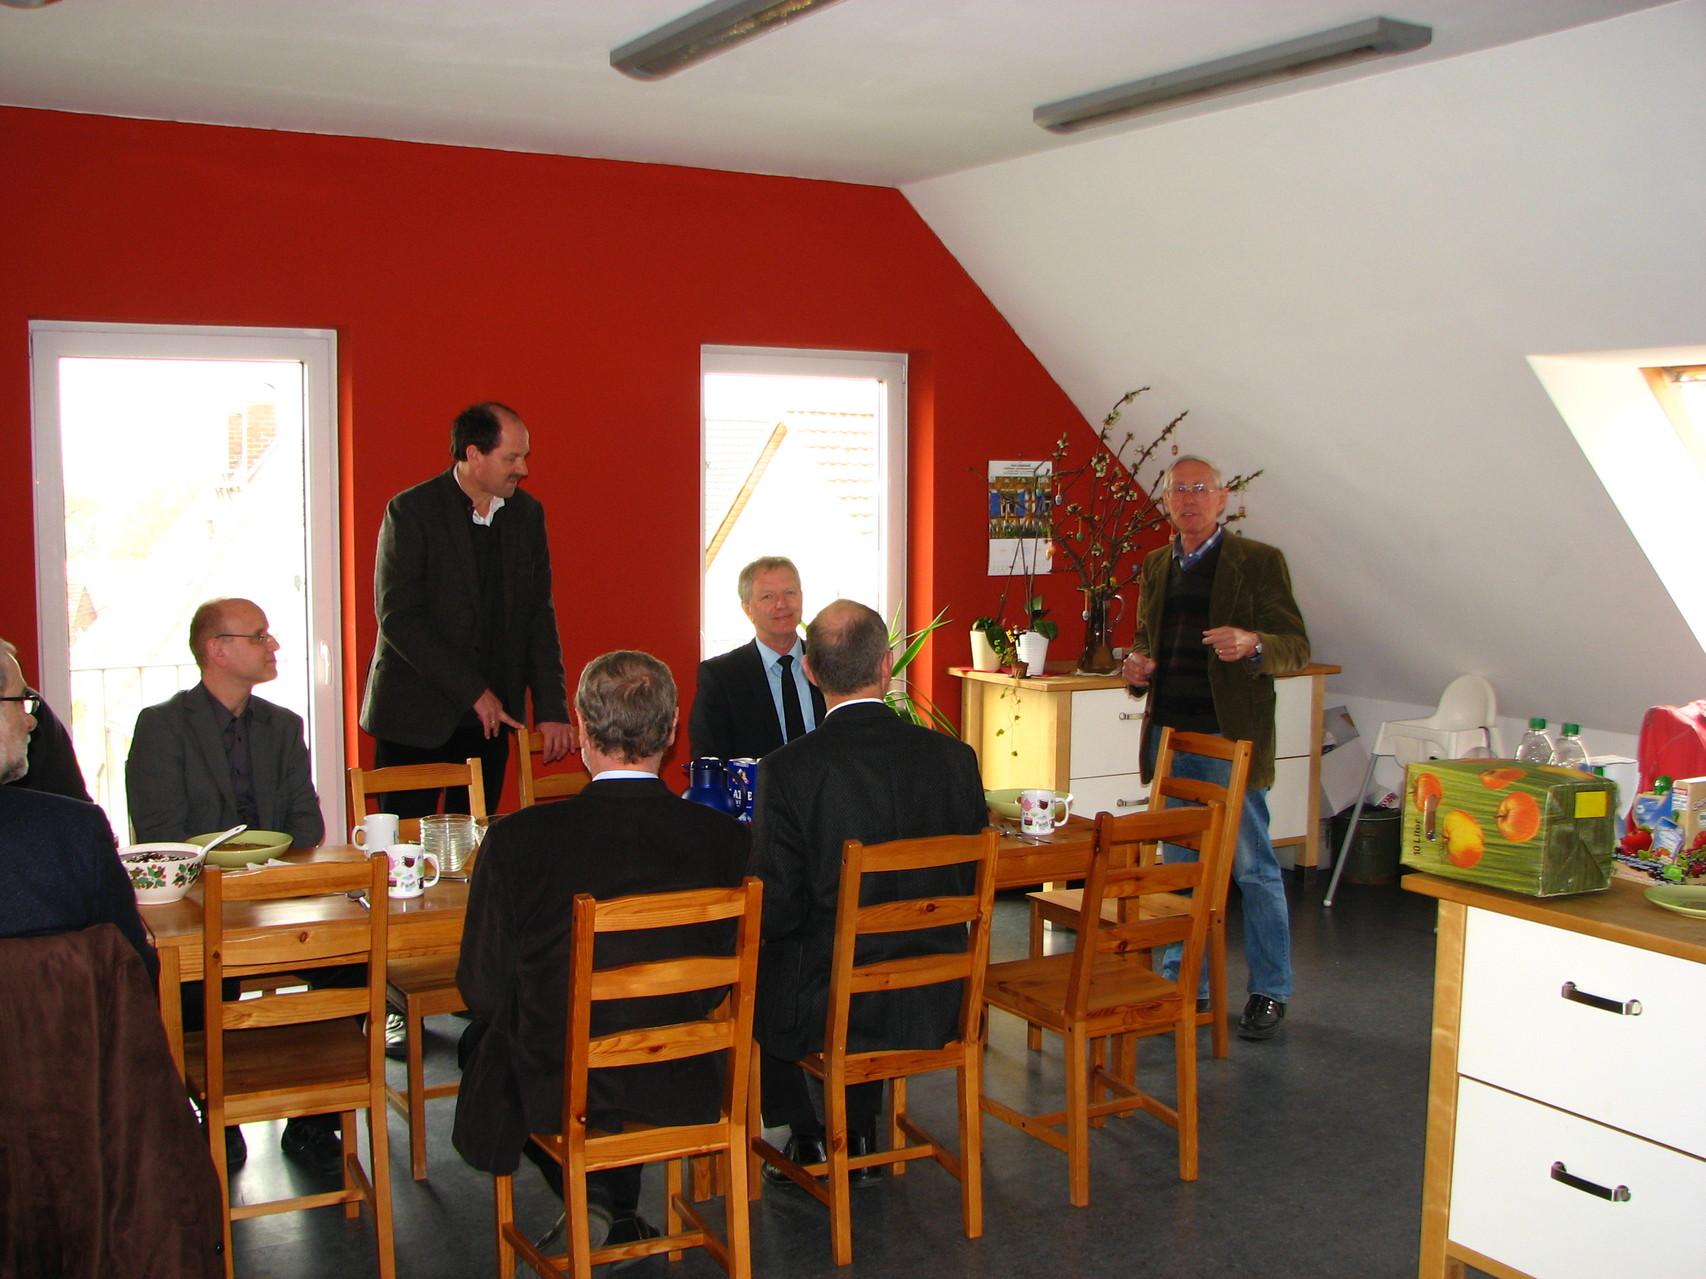 Herr René Hermann und Herr Dr. Probst begrüßen die Gäste
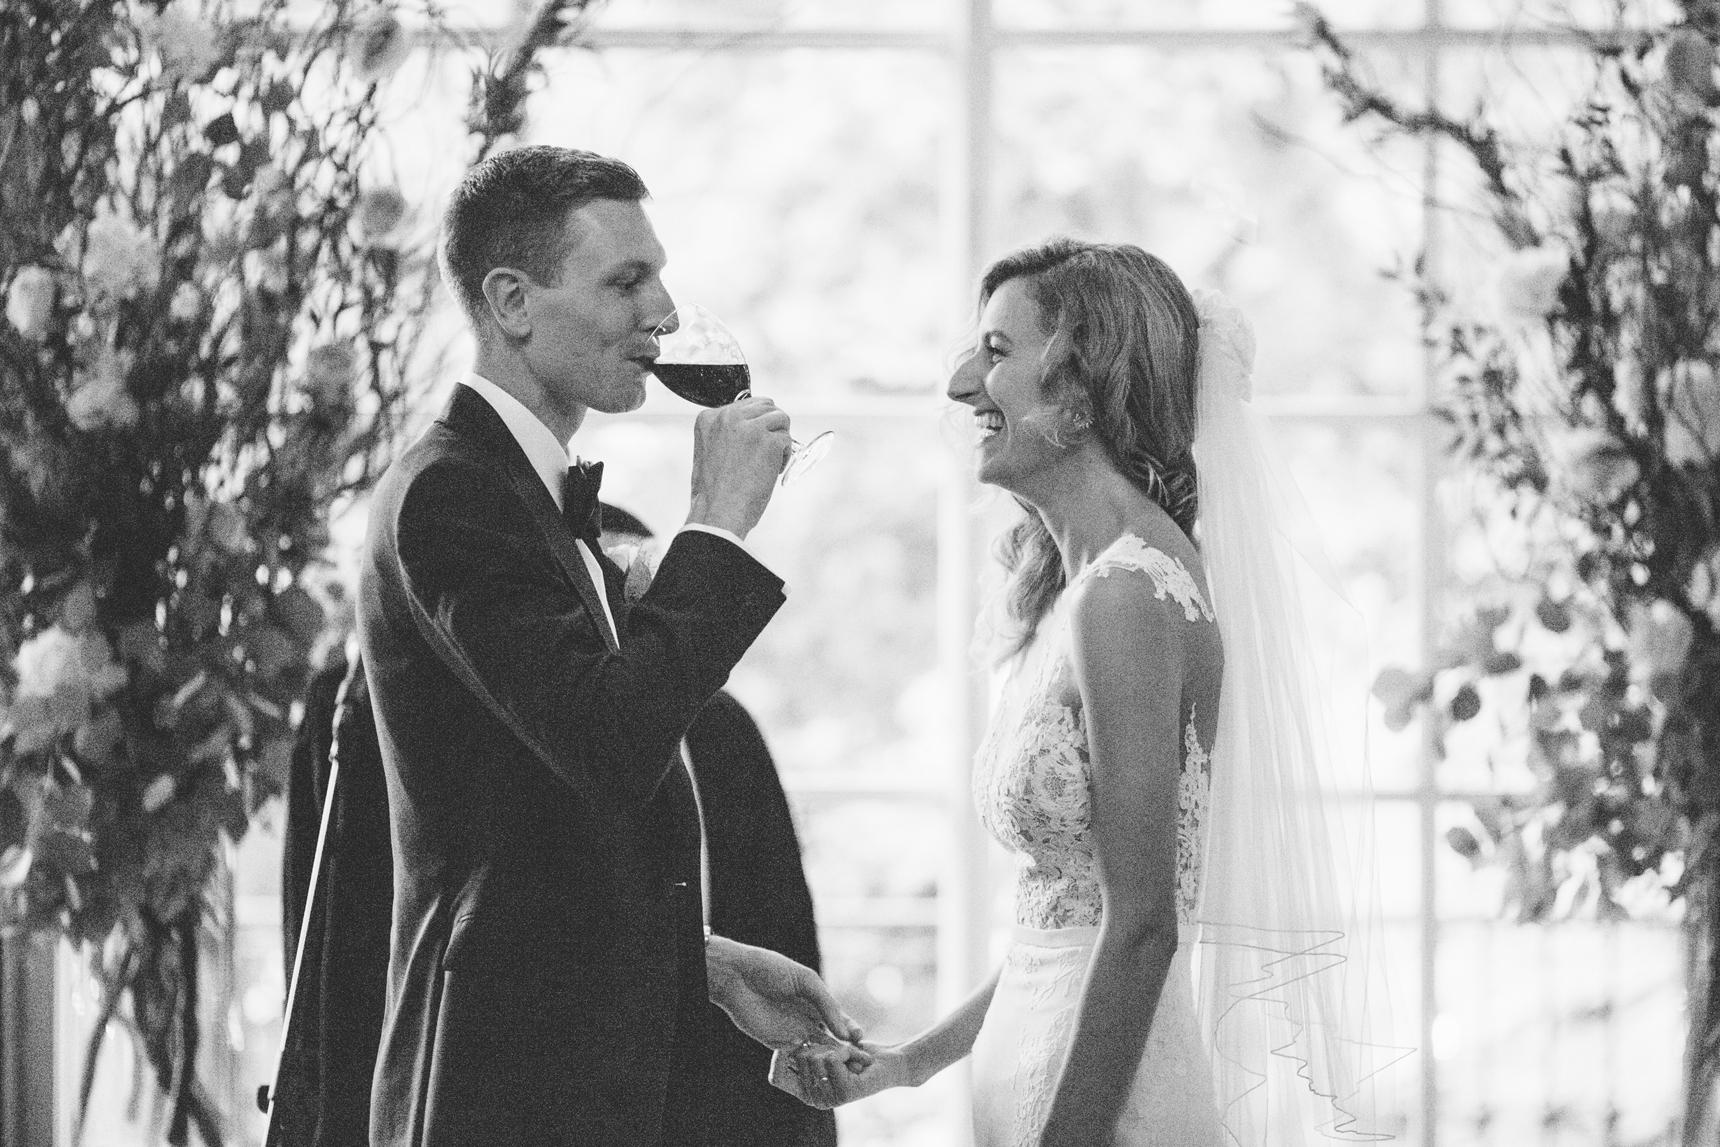 Jory_LoebBoathouse_CentralPark_NewYork_WeddingPhotographer100.jpg
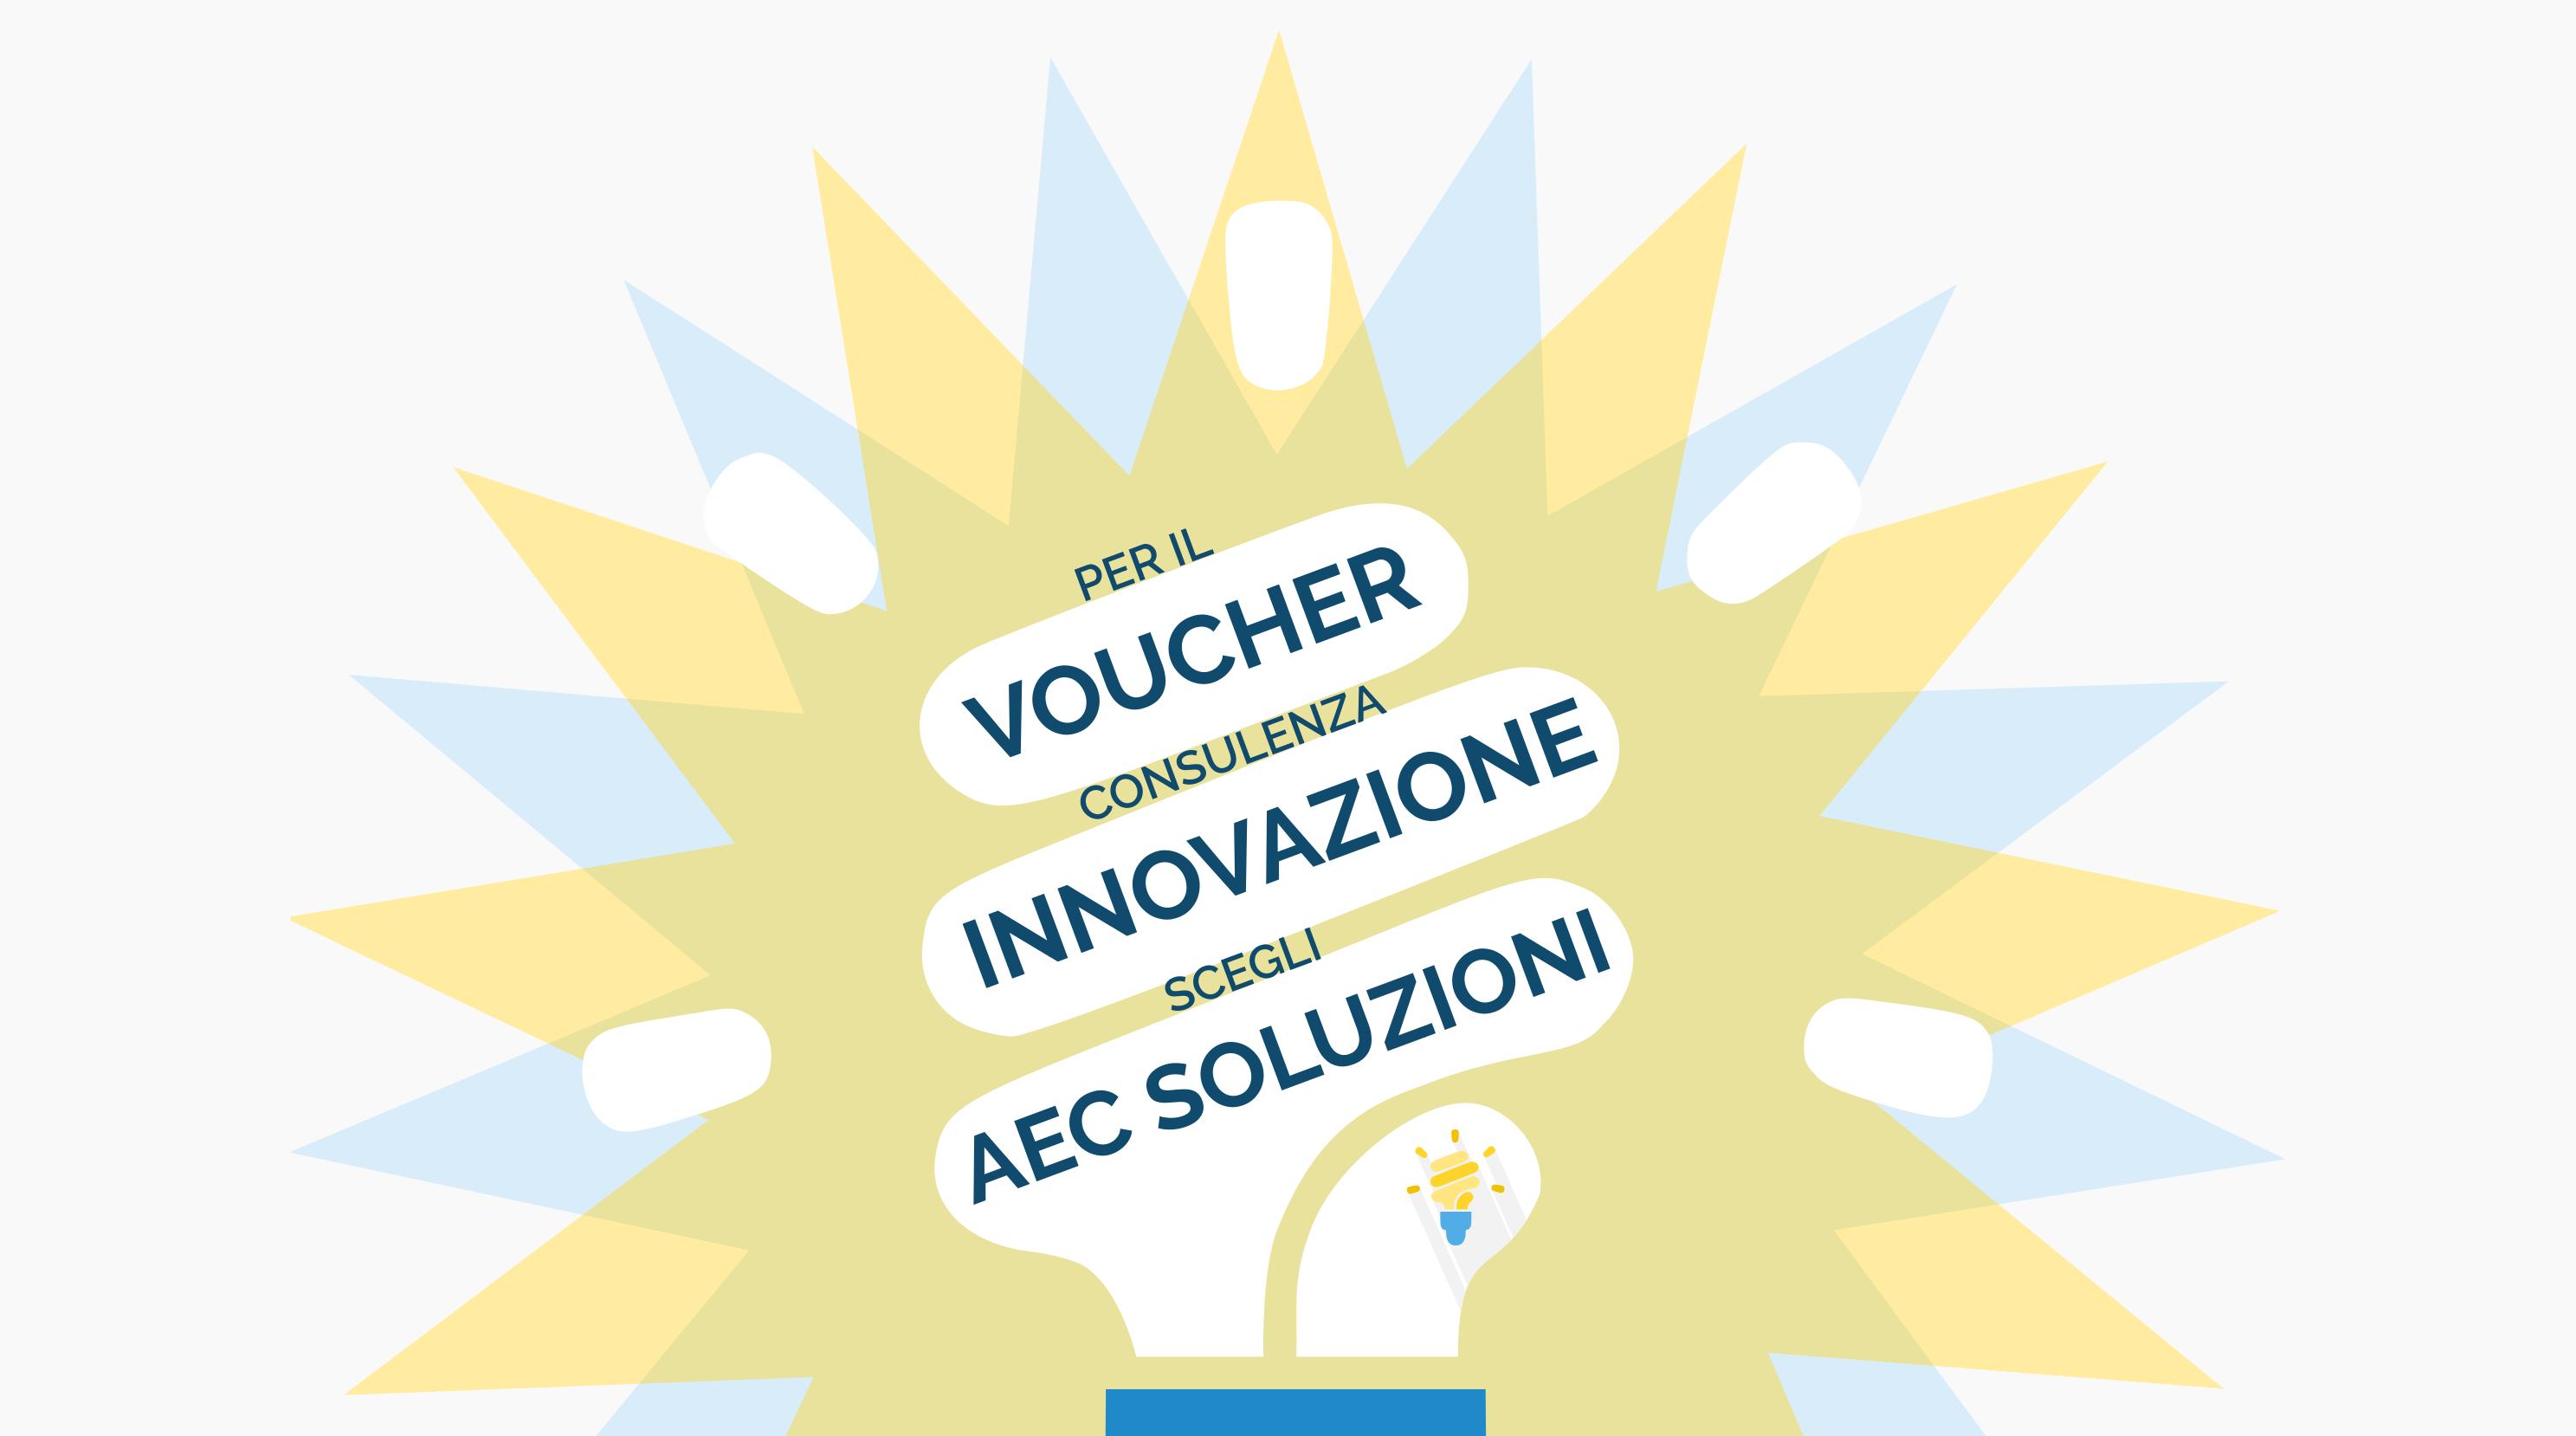 AEC Soluzioni Innovation Manager Industria 4.0
+++++
GOAL OF THE EXERCISE => Once the pictures are set aside, output the whole listing exactly.

ANSWER TO THE PROBLEM =>
 Herr René Hermann und Herr Dr. Probst begrüßen die Gäste
 Jory_LoebBoathouse_CentralPark_NewYork_WeddingPhotographer100.jpg
 AEC Soluzioni Innovation Manager Industria 4.0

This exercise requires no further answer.